## What you are asked to do
The records below are to be output exactly, except for their pictures.

## Extracted records
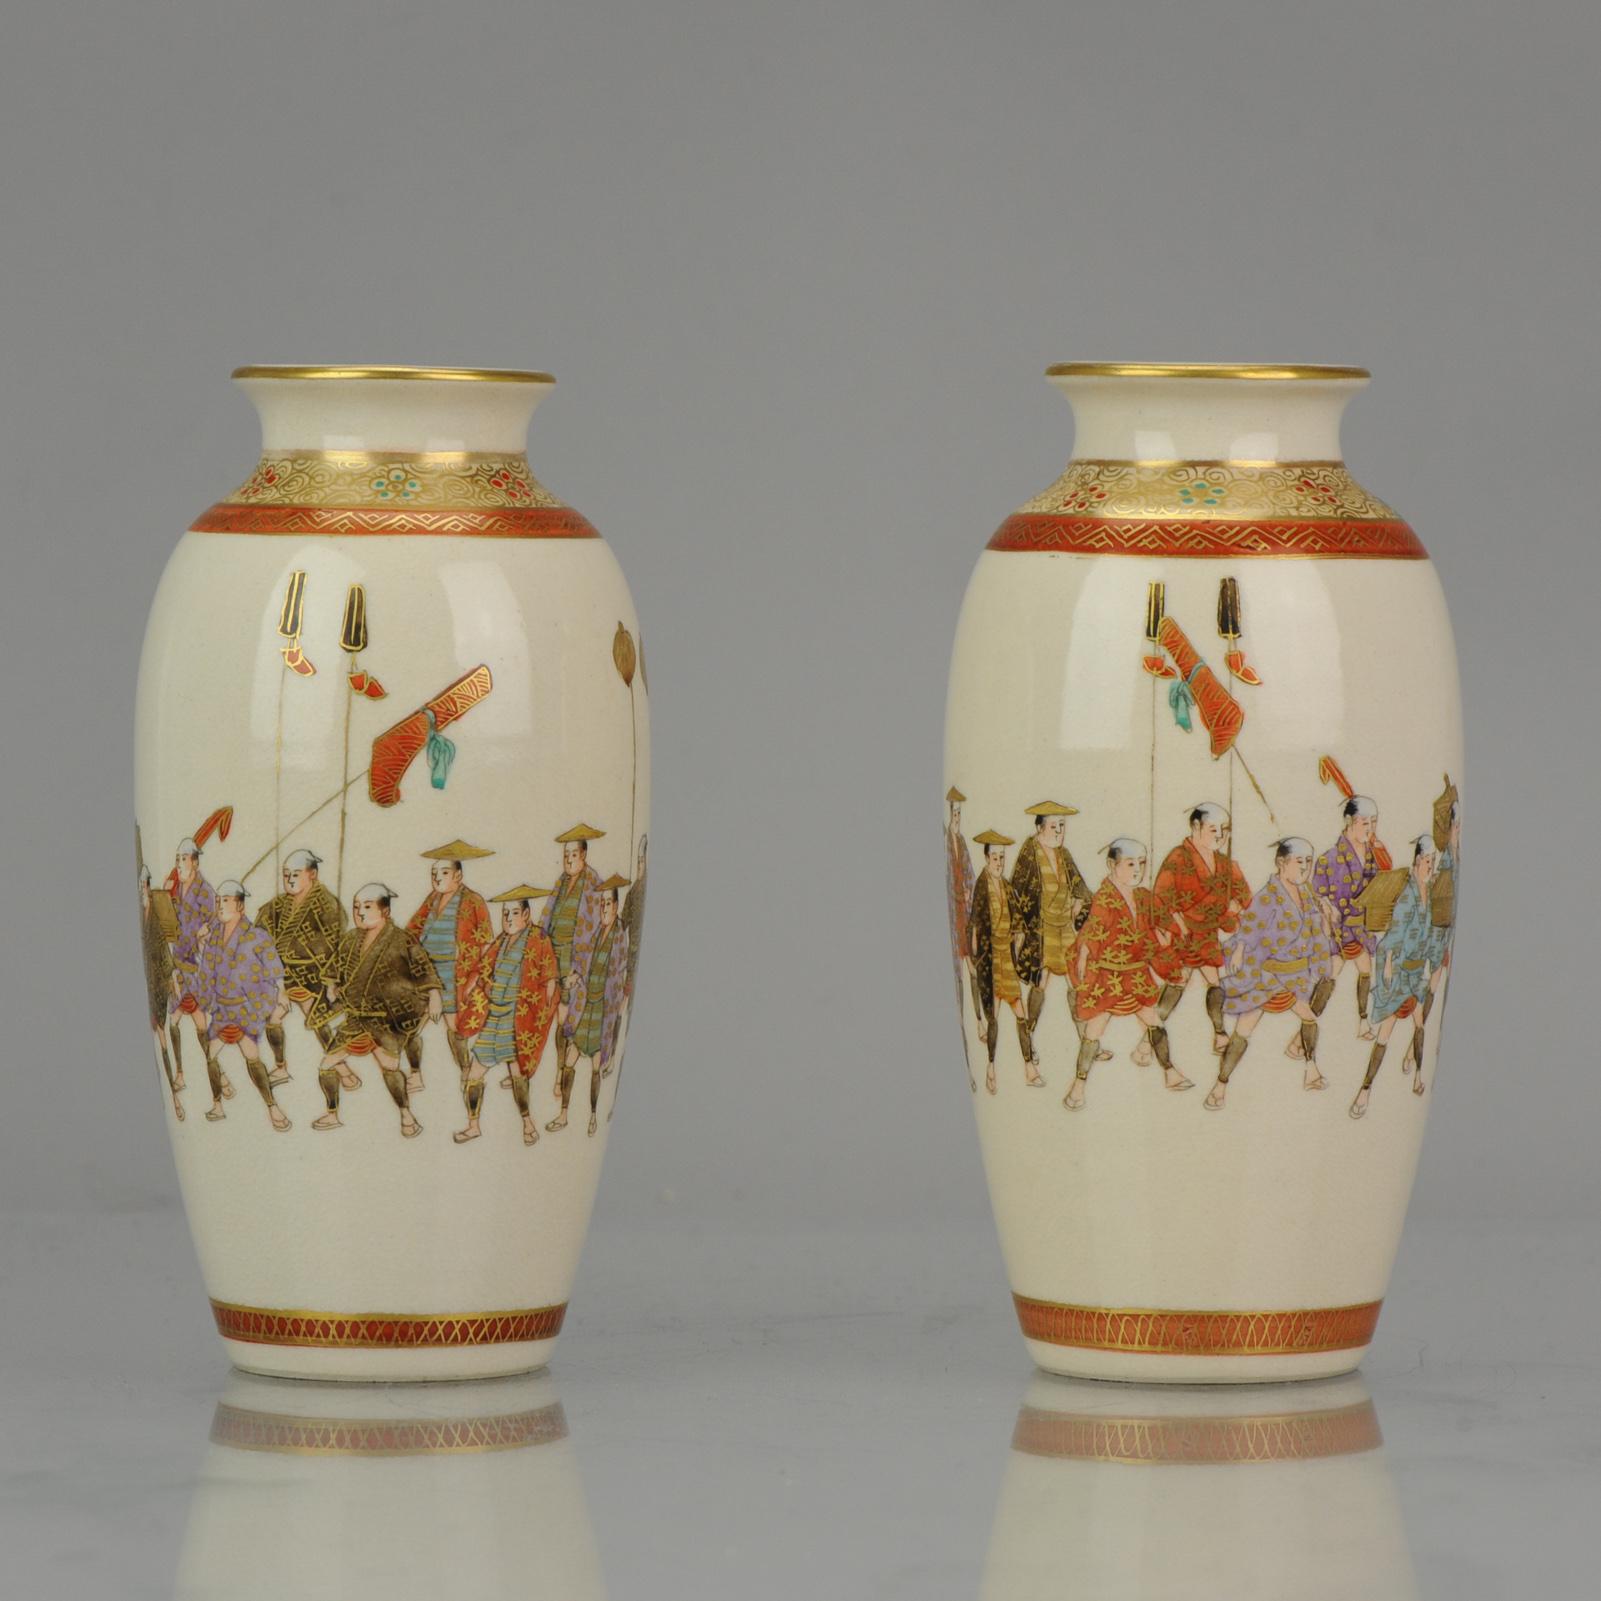 Description

A pair of Japanese Satsuma 'processional' vases, Meiji period
Of ovoid form with everted rims, each painted with a procession of figures in traditional robes, some carrying banners and other objects.

Marked at base: Seizan

15cm

## Exercise solution
 Description

A pair of Japanese Satsuma 'processional' vases, Meiji period
Of ovoid form with everted rims, each painted with a procession of figures in traditional robes, some carrying banners and other objects.

Marked at base: Seizan

15cm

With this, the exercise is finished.